**SUPPLIED DATA**
<<<<

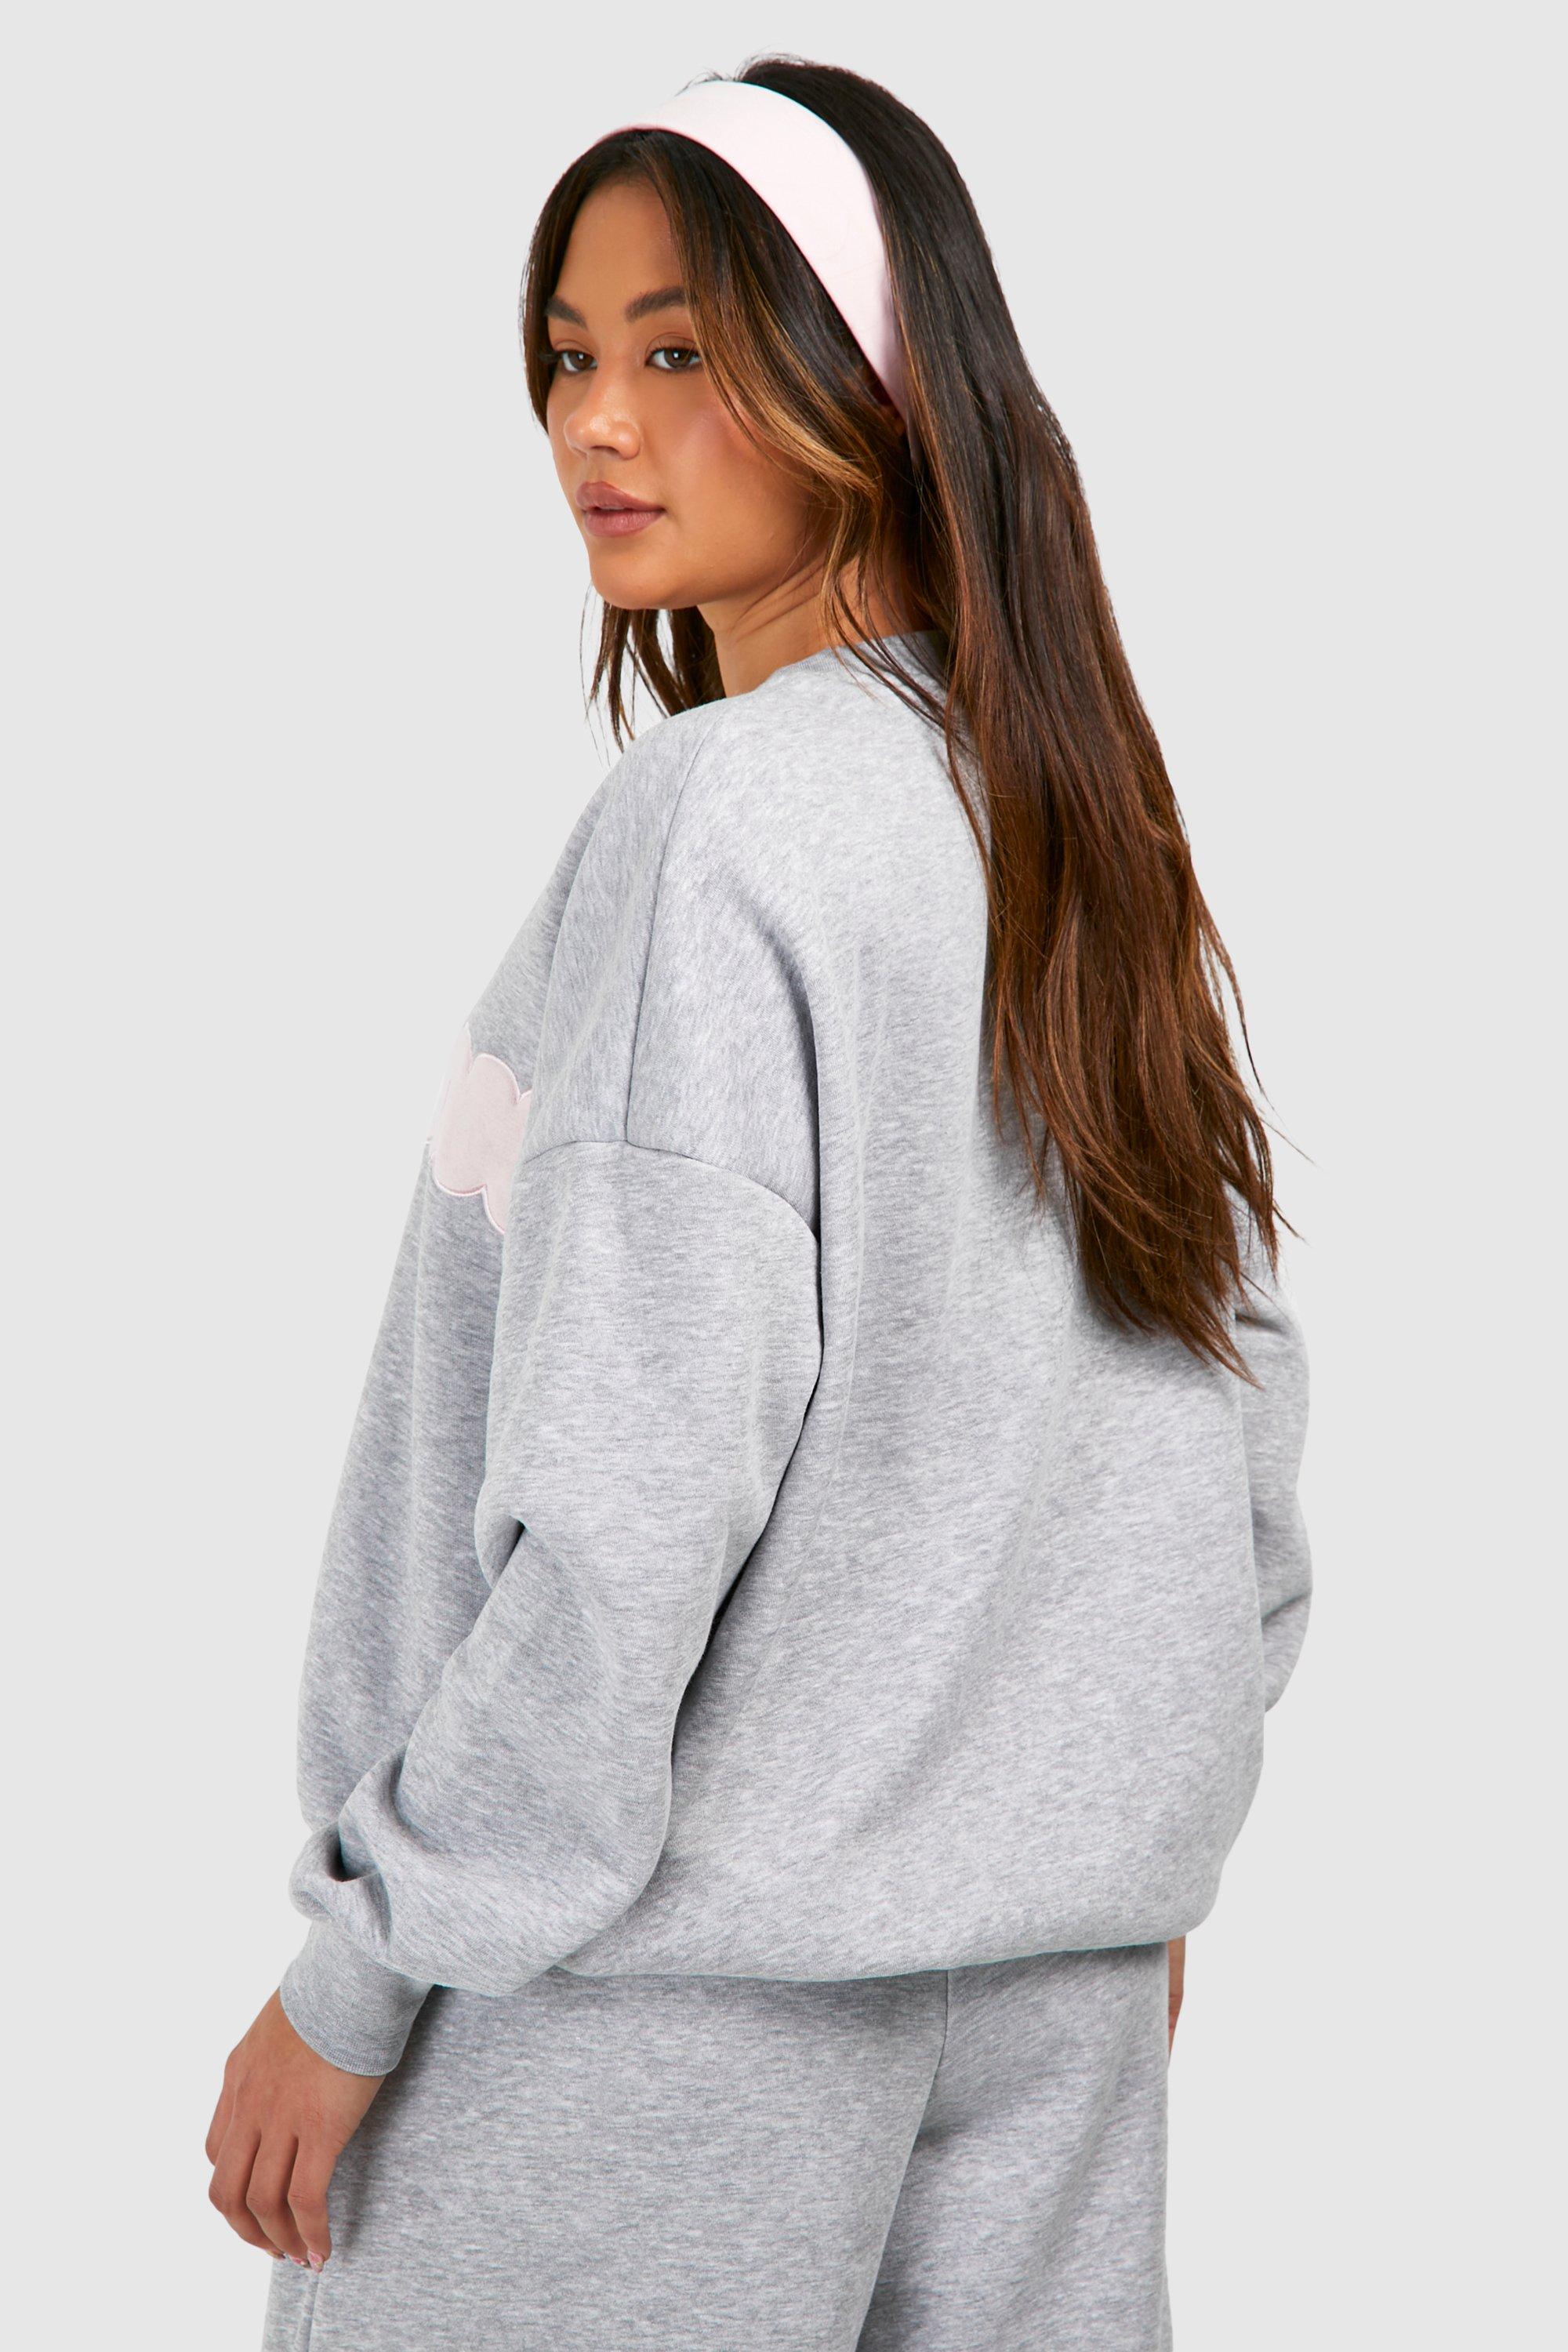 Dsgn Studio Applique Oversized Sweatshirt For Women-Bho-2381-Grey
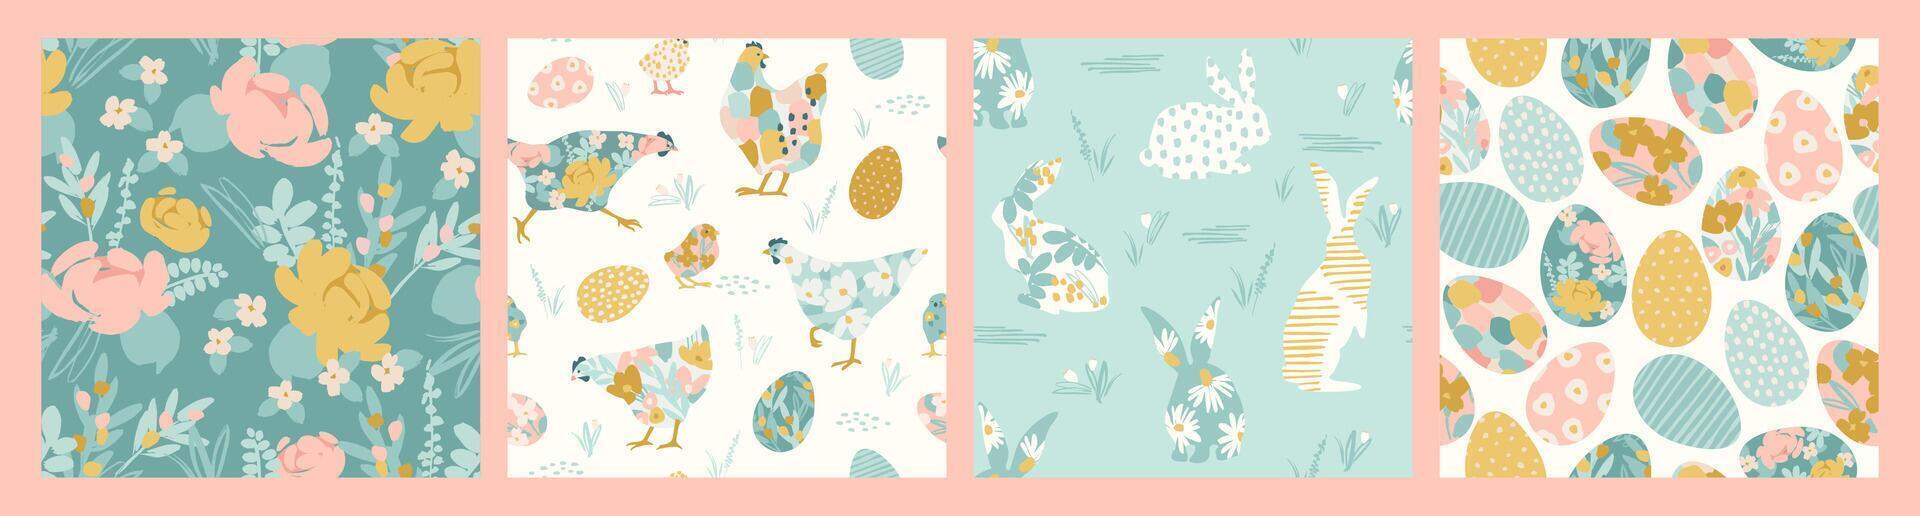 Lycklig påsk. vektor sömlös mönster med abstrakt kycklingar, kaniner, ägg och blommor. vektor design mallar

>>>>
<<<<

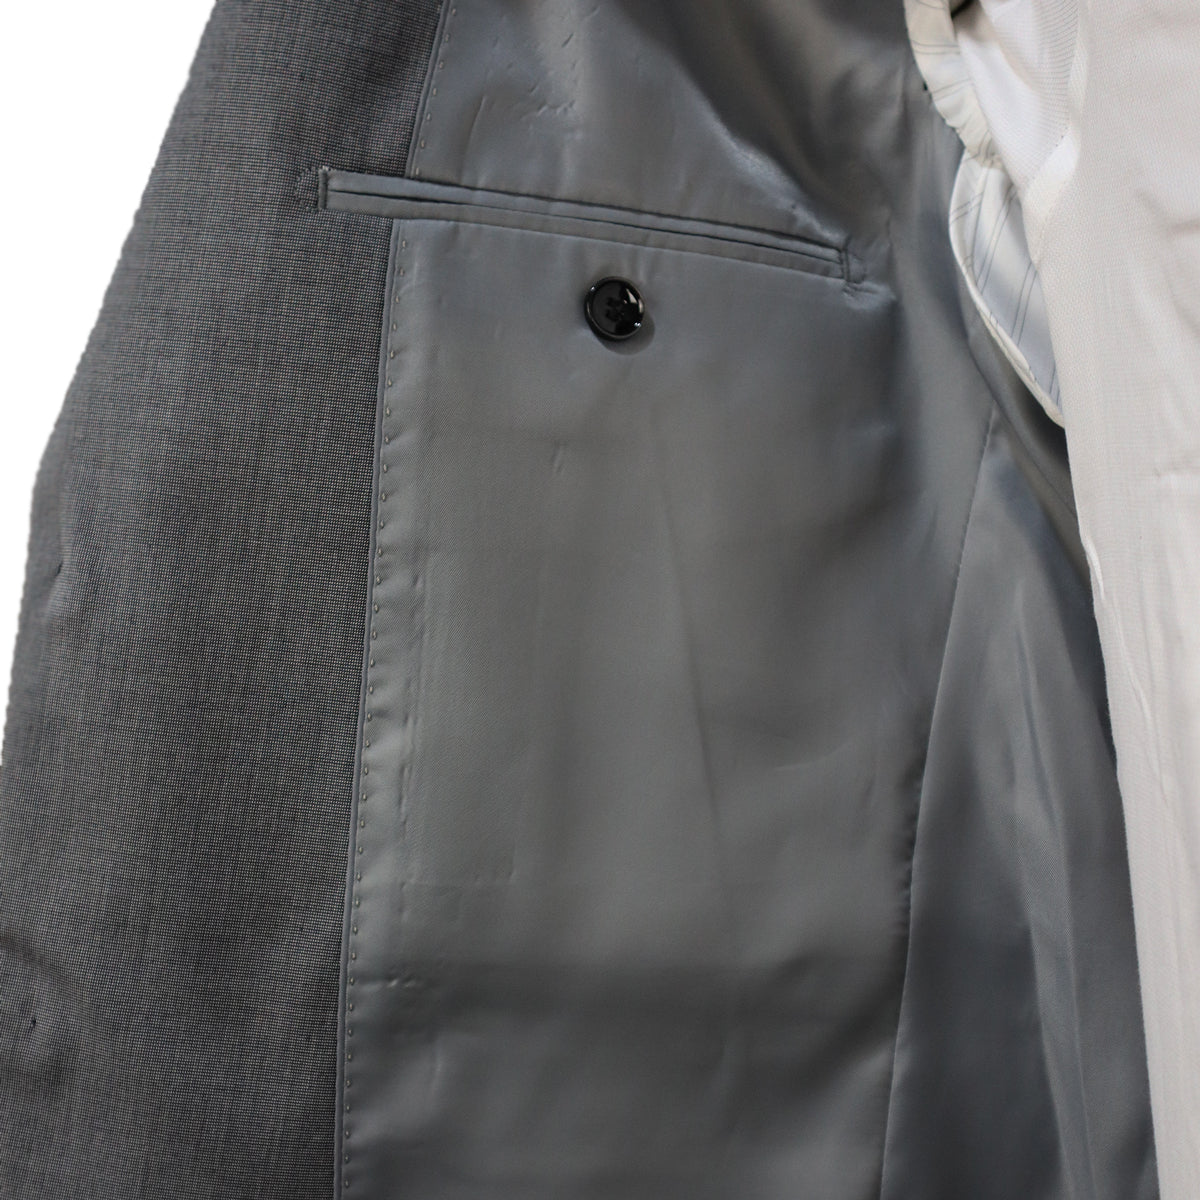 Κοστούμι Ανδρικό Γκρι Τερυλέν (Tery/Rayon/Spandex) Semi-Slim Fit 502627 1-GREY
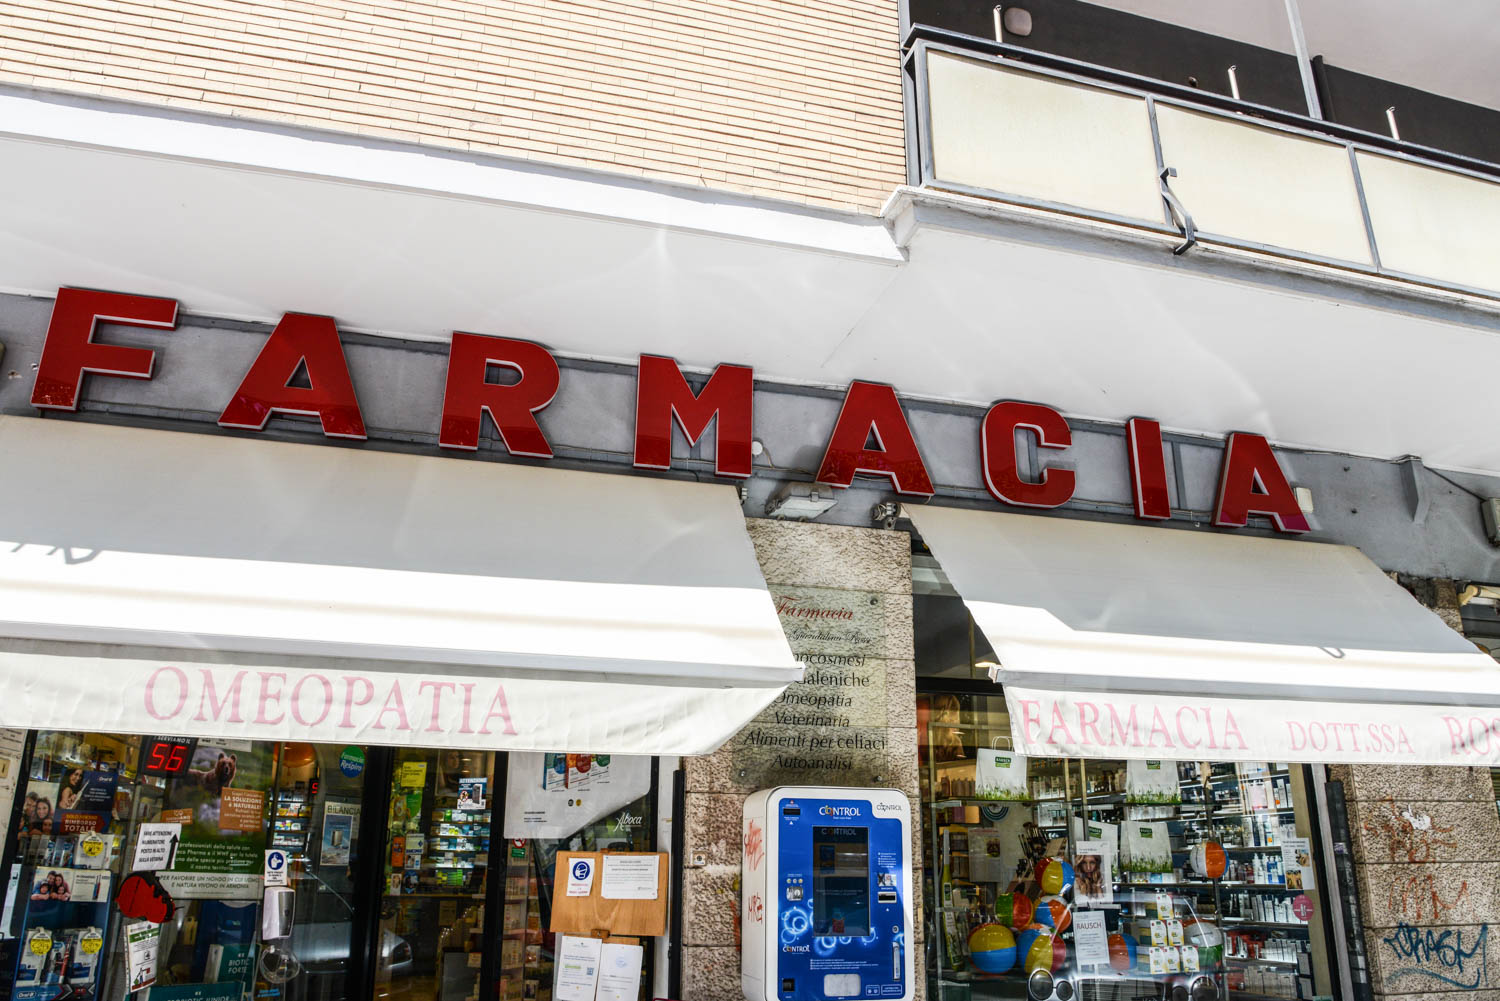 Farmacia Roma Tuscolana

>>>>
<<<<

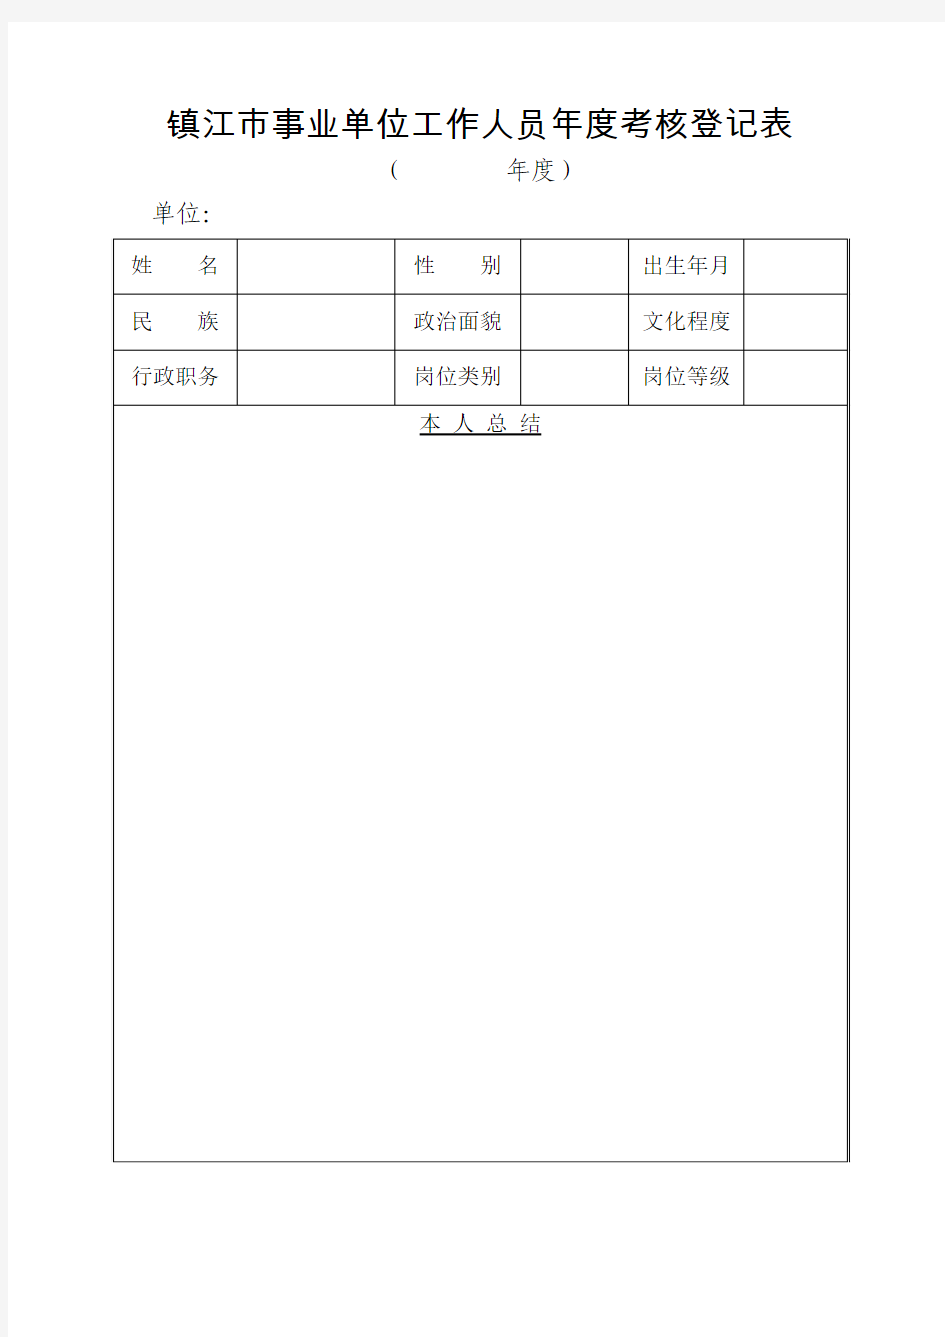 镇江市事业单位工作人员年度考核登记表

>>>>

**INSTRUCTIONS FOR THE TASK**
Print, exactly, each line above from the one with "Κοστούμι Ανδρικό Γκρι" to the one with "Farmacia Roma Tuscolana", end lines included. Leave pictures out of it.

**YOUR RESPONSE**
 Κοστούμι Ανδρικό Γκρι Τερυλέν (Tery/Rayon/Spandex) Semi-Slim Fit 502627 1-GREY
 Farmacia Roma Tuscolana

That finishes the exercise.